Jerry’s brother Steve has apparently been living with the family for a year and, as thanks for letting him stay with them, Steve will be taking the entire family on a trip to Paris! At this moment, Rick walks in to throw some radioactive rocks in the trash and asks who the hell Steve is. When Jerry explains that Steve is his brother, Rick shoots him in the temple with a laser to the horror of everybody. Rick explains that Steve isn’t real and that he’s a parasitic alien that someone must have tracked in on the bottom of their shoe, but not to worry because it’s dead now. Rick says that, in the meantime, they have to be aware of any zany characters that may pop up that may have been spawned by Parasite Steve.


Enter Mr. Poopy Butthole.


Cue the opening sequence which – amazingly – has Mr. Poopy Butthole inserted into every cut. It’s terrific.

So I suppose it goes without saying that our new friend, Mr. Poopy Butthole is going to be all over this episode. I, for one, am excited.

Now, you would think that Mr. Poopy Butthole is one of those zany characters Rick told us (yes…us. We’re right in the middle of this now) to be careful of, but nobody else seems to mind so…fuck it. Mr. Poopy Butthole seems cool. He can hang out.

The family and Mr. Poopy Butthole go into lockdown as they search the house to make sure there’s no more of these parasitic aliens around because if they get loose, they’ll take over the planet by embedding themselves in people’s memories. We don’t want that. Rick has the house rigged to go into fortress mode for such an event so now these parasites won’t be able to get out just in case there are more of them. Mr. Poopy Butthole says that this makes him feel claustrophobic like when they all got stuck in an elevator after The Incredible Hulk musical. Mr. Poopy Butthole is clearly a parasite.

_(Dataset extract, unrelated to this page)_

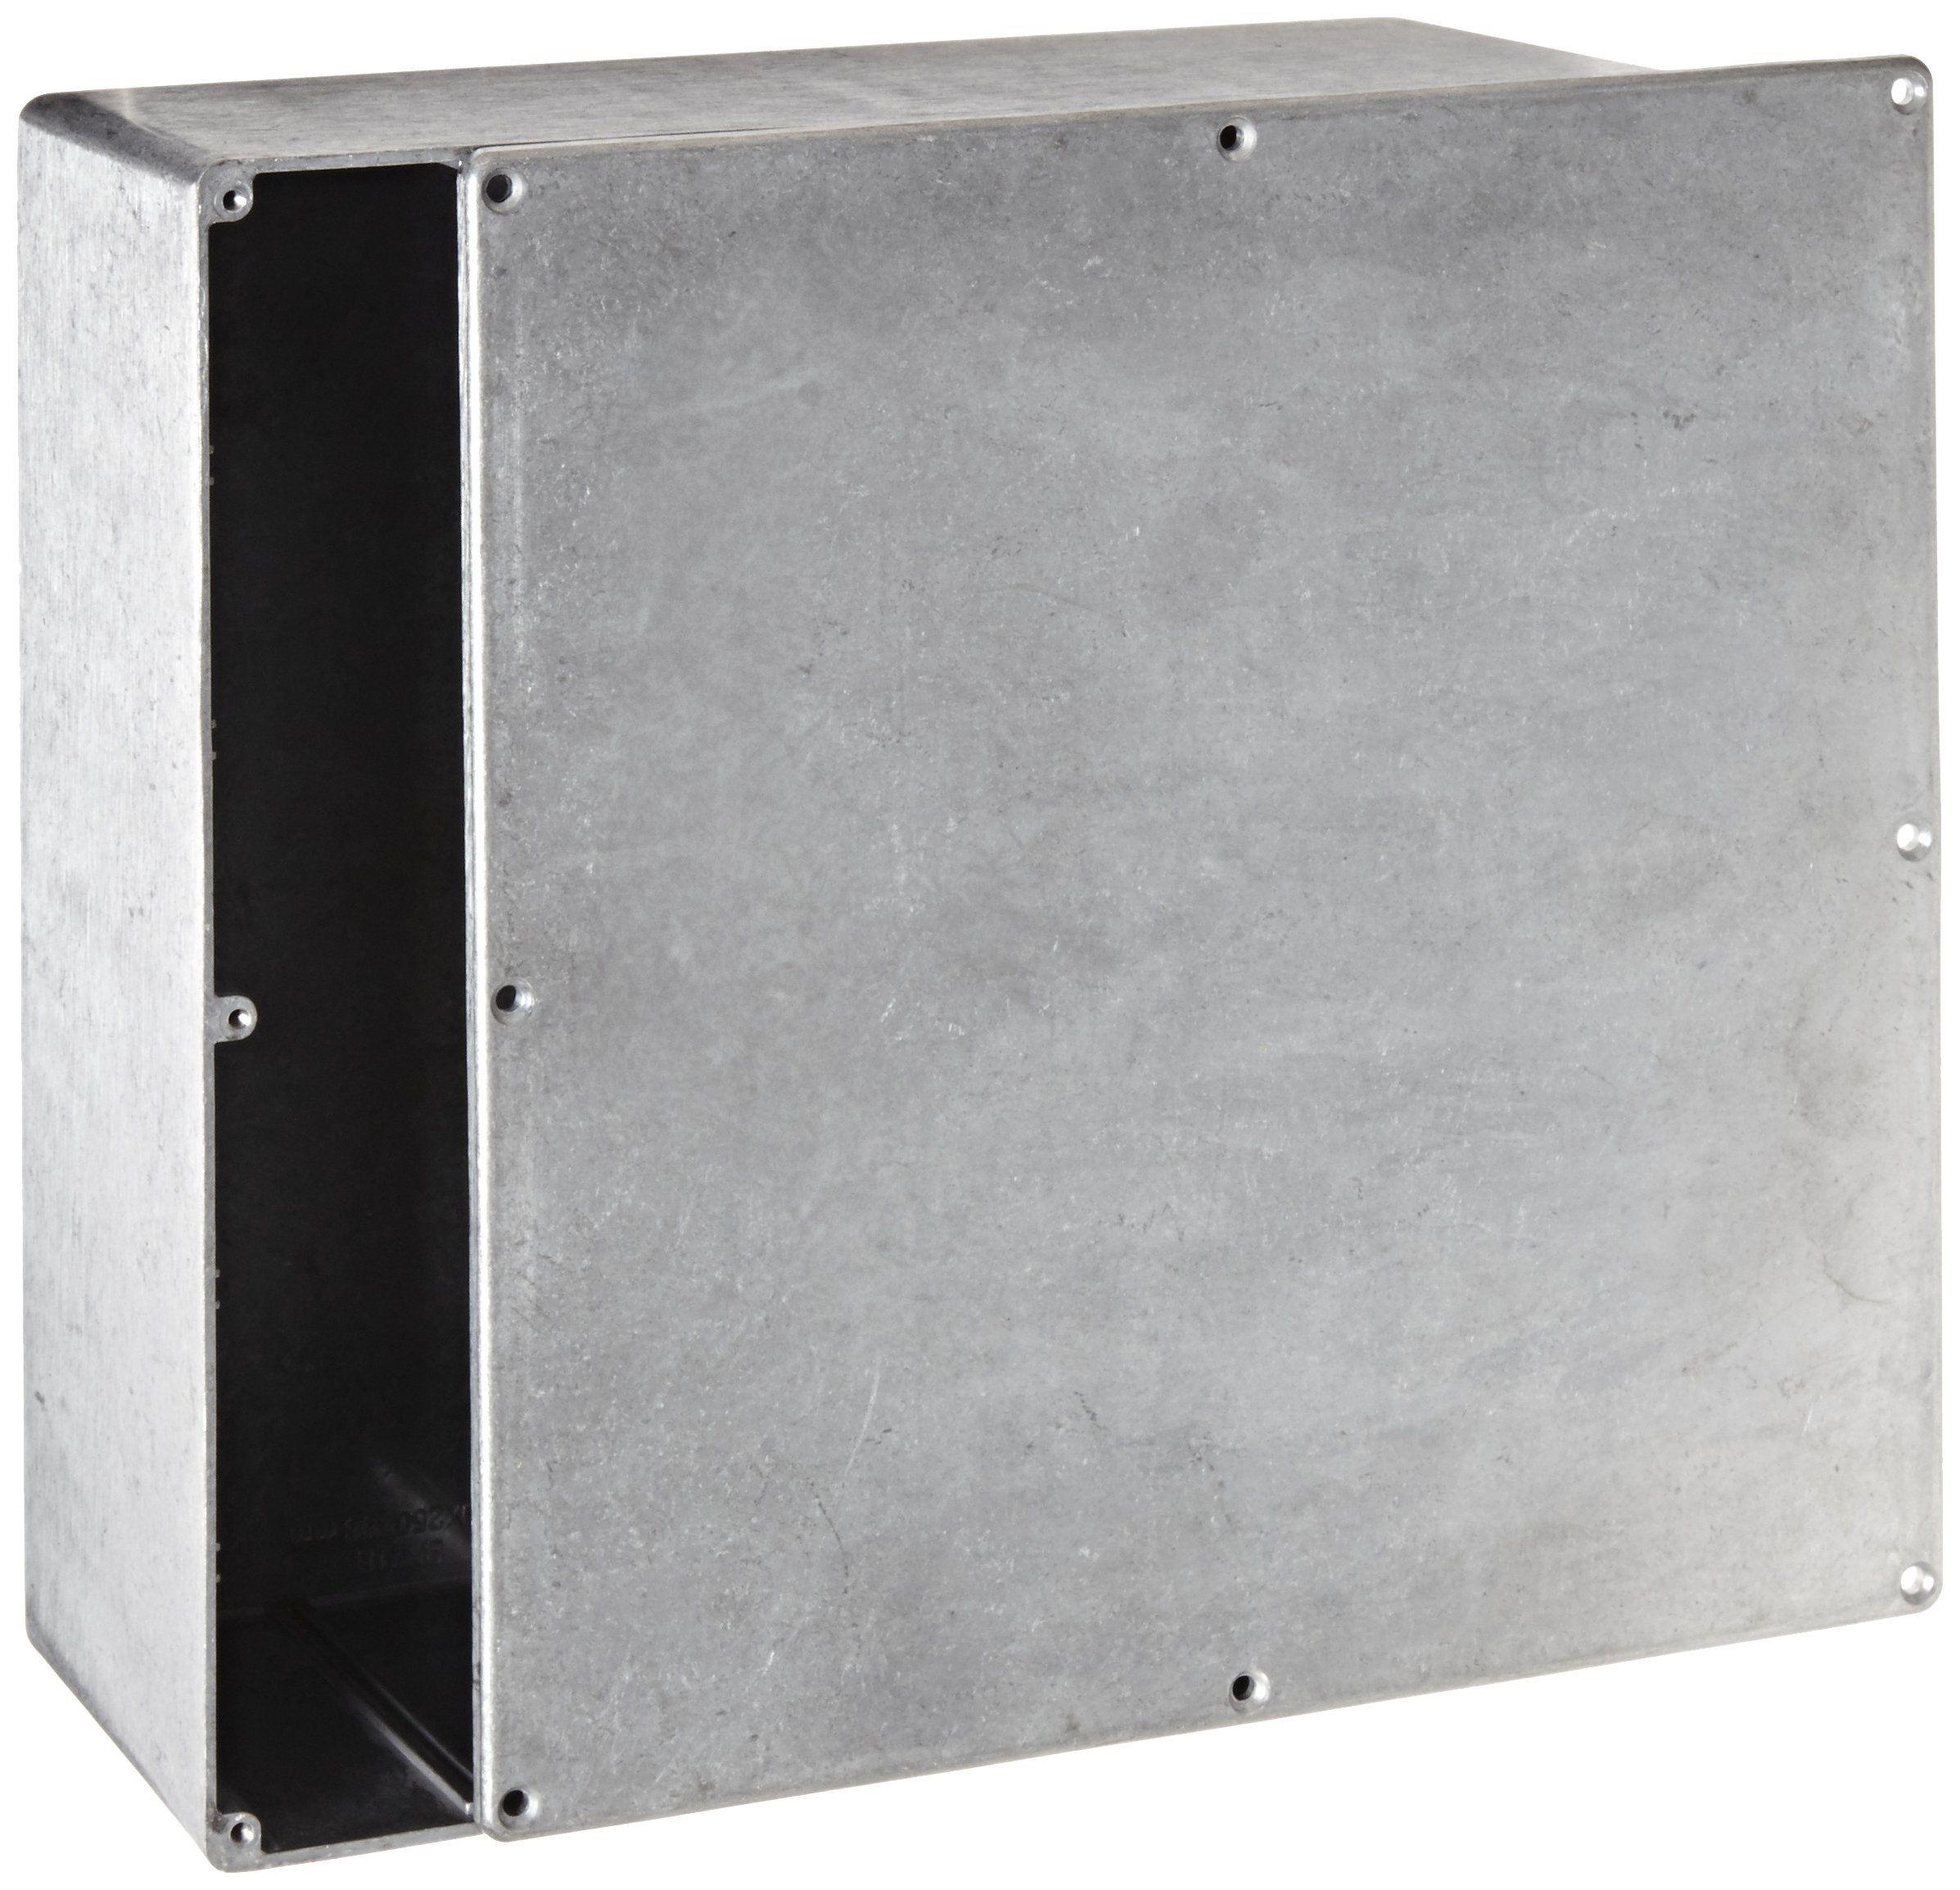 Bud Industries Cn5713 Die Cast Aluminum Enclosure 927 32 Length X 927 32 Width X 4 Height Natura Home Improvement Tall Cabinet Storage Locker Storage

In the middle of this flashback in the elevator, Cousin Nicky opens up a roof panel and helps the family free. Cut back to the living room in real-time now where Cousin Nicky talks about all the wild situations they’ve gotten into. Wait a minute…who in the bluest of fucks is Cousin Nicky??


Apparently, Rick had the same thought I did and he shoots Cousin Nicky turning him back into a parasite and killing him. The whole family is suspicious of each other possibly being a parasite now since Cousin Nicky was the reason they had found that Nazi submarine way back when. Did that even happen? Jerry is so sure it happened. Of course, Jerry is sure. Jerry is stupid.

We get a flashback to that Nazi incident where the family is saved by their butler, Mr. Beauregard!


OK…what? Now who the fuck is Mr. Beauregard?! We cut back to the living room where Mr. Beauregard is serving h’orderves as they recall the tale of the Nazi submarine and Rick is suspicious again since there are only supposed to be six of them in the house. It matters not, though, because we’re immediately hit with another flashback in which Jerry gets his head caught in the bannister of the staircase with Mr. Beauregard pouring marmalade on him to all him to squeeze out. Frankenstein (yes…THAT Frankenstein) comes in and makes a British joke in Mr. Beauregard’s direction that has the family howling. We then cut to a pillow fight between Rick, Summer and Mr. Beauregard. Then another cut to Morty not wanting to go to the dance alone…until Mr. Beauregard shows up in a dress to save the day. There’s also Photography Raptor. He’s a raptor who is the family photographer. He’s there now too. He’s taking pictures.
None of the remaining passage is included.